Call for greater protections for children playing online games

Sunshine Coast MP Andrew Wallace has called on the federal government to restrict children’s access to video game “loot boxes” which have been scientifically linked to gambling. 

In a study, published by the Royal Society Open Science Journal, the results showed “extremely strong evidence to suggest that loot box spending is correlated with both problem gambling symptoms and excessive gaming symptoms.” 

The study, titled “Loot box spending is associated with problem gambling but not mental wellbeing,” surveyed more than 2700 participants in 51 countries. It read, “the way video games are marketed and monetized has changed considerably in the last decade.” 

Mr Wallace said urgent action should be taken to protect children from gambling-like incentives used by tech giants and video game creators to generate micro-transactions for chance-based mystery virtual items. 

“These exploitive and deceptive in-game purchases have created a global billion-dollar industry at the expense of our youth,” Mr Wallace said. 

“Loot boxes are common in popular children’s games including Roblox, Mario Kart Tour, FIFA, and NBA 2K, which carry either a General or Parental Guidance classification. 

“More has to be done to inform families of the risks associated with the in-game purchases akin to gambling.” 

Mr Wallace, who chaired a 2020 Standing Committee inquiry into age verification for online wagering and online pornography, said one of the Committee’s recommendations was to restrict access to loot boxes and other simulated gambling elements in video games to adults age 18 years or over, including through the use of mandatory age verification.
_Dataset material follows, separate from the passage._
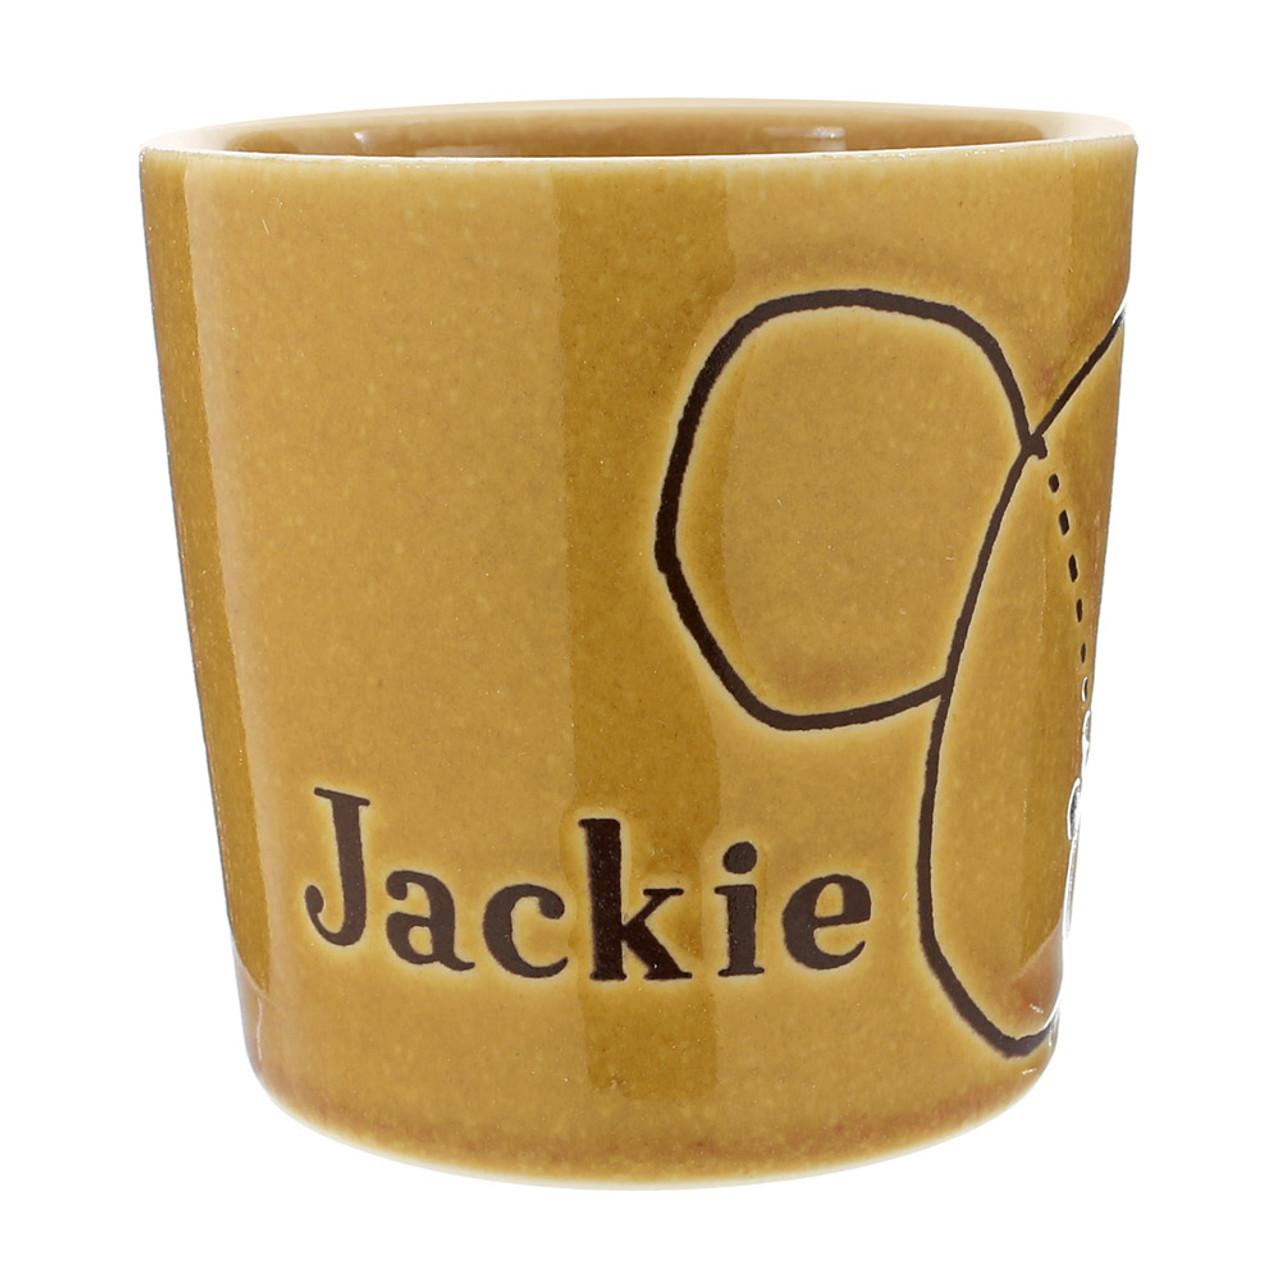 Japan The Bear School Jackie Ceramic Retro Tea Cup ( Side View )

“The new research can’t say it any clearer,” Mr Wallace said. “They wrote ‘the present study supports the current body of evidence which suggests that there is a positive correlation between problem gambling symptomology and the amount of money spent on loot boxes.’ 

“New mandatory age classifications and warnings are just a start. We also need to work with the industry to have effective mandatory age verification and spending limits implemented.” 

Former communications minister Paul Fletcher said prior to the May federal election a Coalition Government would give video games with loot boxes mandatory age classifications and warnings. 

According to eSafety Research, 34% of children aged 8 to 17 have made an in-game purchase and this rose to 45% when they played a network game with others.